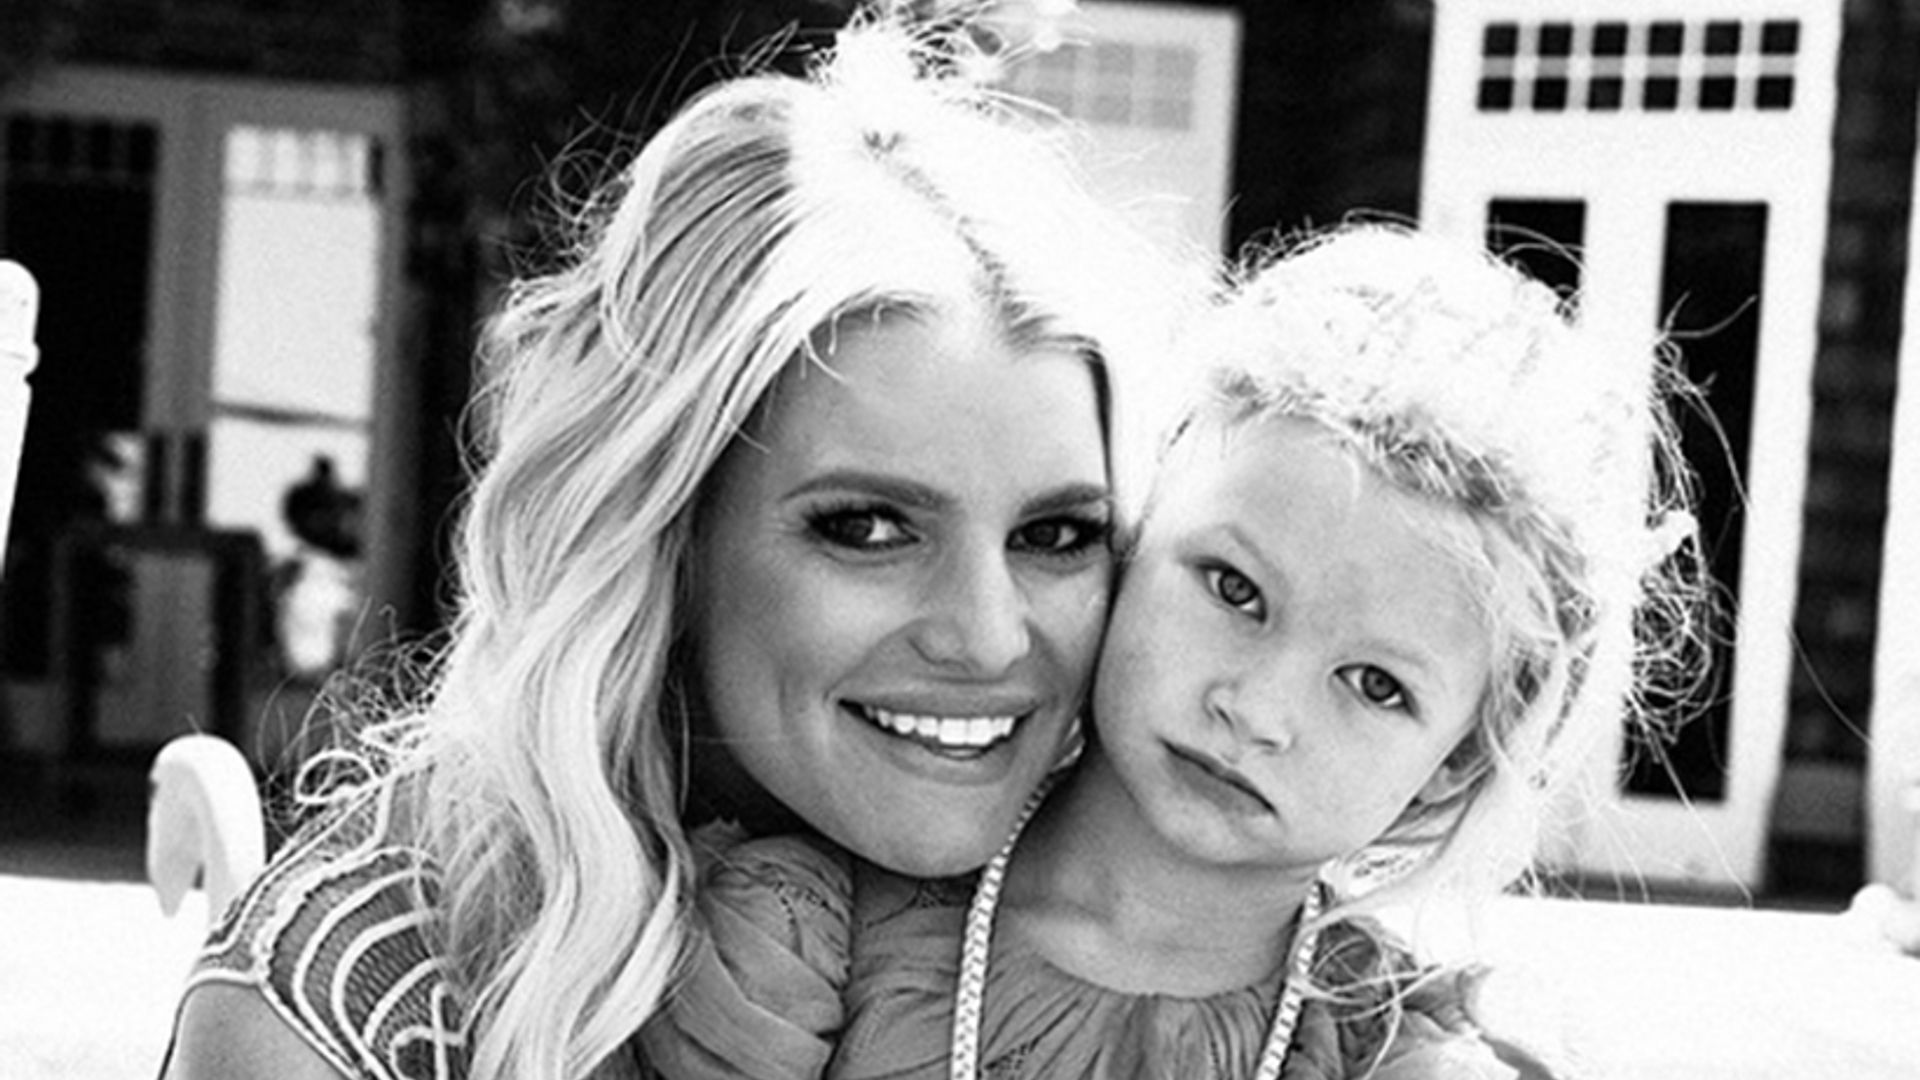 Jessica Simpson and her five-year-old daughter wear matching floral dresses  on Instagram
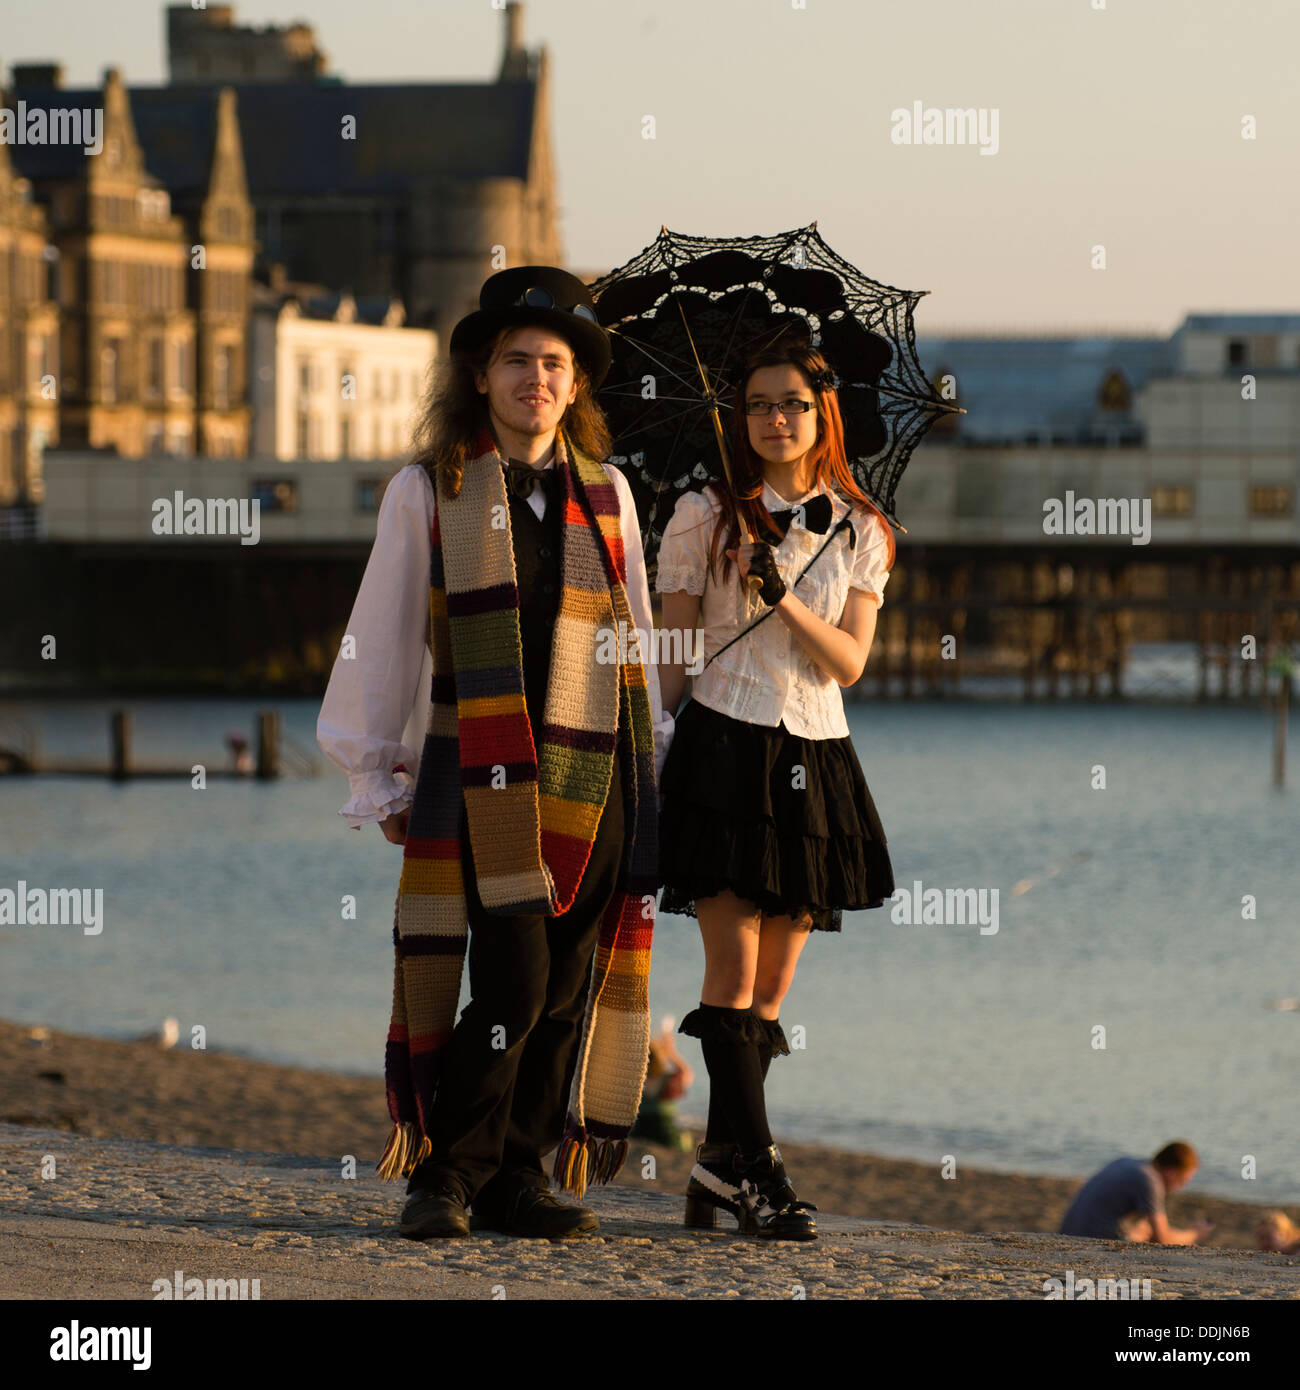 A young couple , cosplay, fantasy dressing, summer evening, Aberystwyth UK Stock Photo
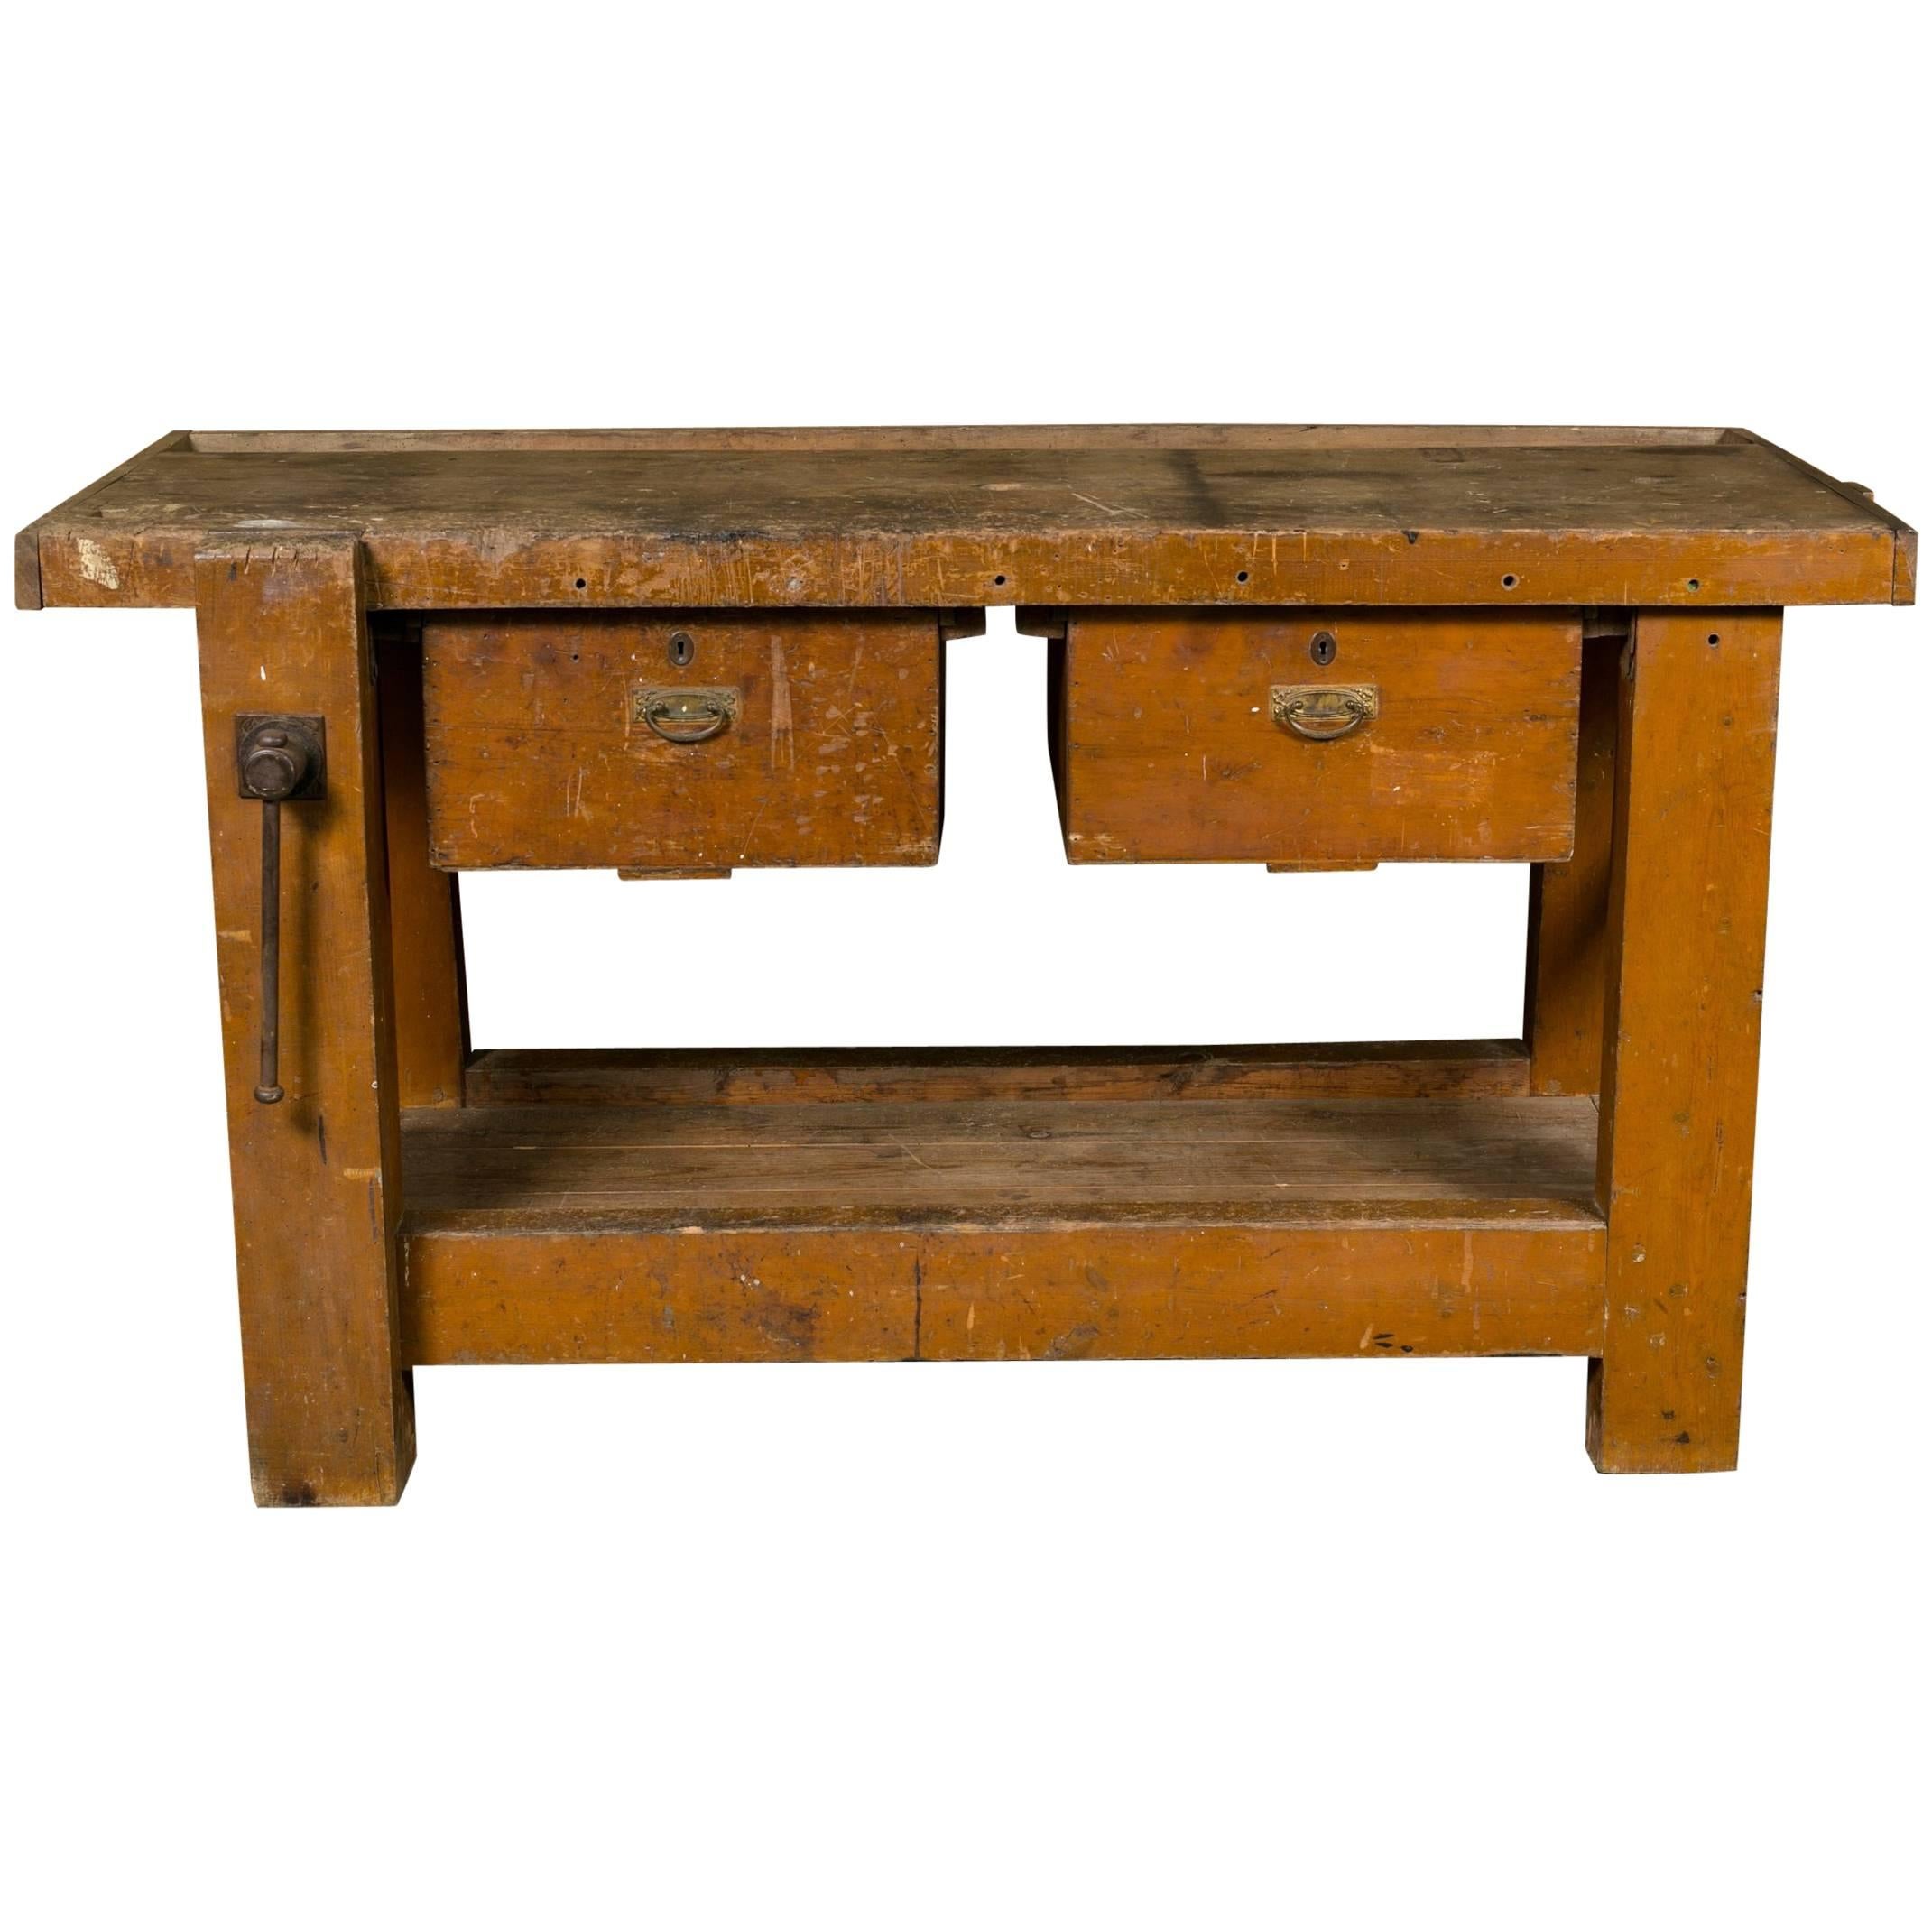 Antique Work Table with Two Drawers from Belgium, circa 1900

_DESCRIPTION OF THE TASK_. Each line from the one with "A young couple" to the final line of the data above is to be printed exactly; no picture should appear in the copy.

_ANSWER SPACE_.
 A young couple , cosplay, fantasy dressing, summer evening, Aberystwyth UK Stock Photo
 Antique Work Table with Two Drawers from Belgium, circa 1900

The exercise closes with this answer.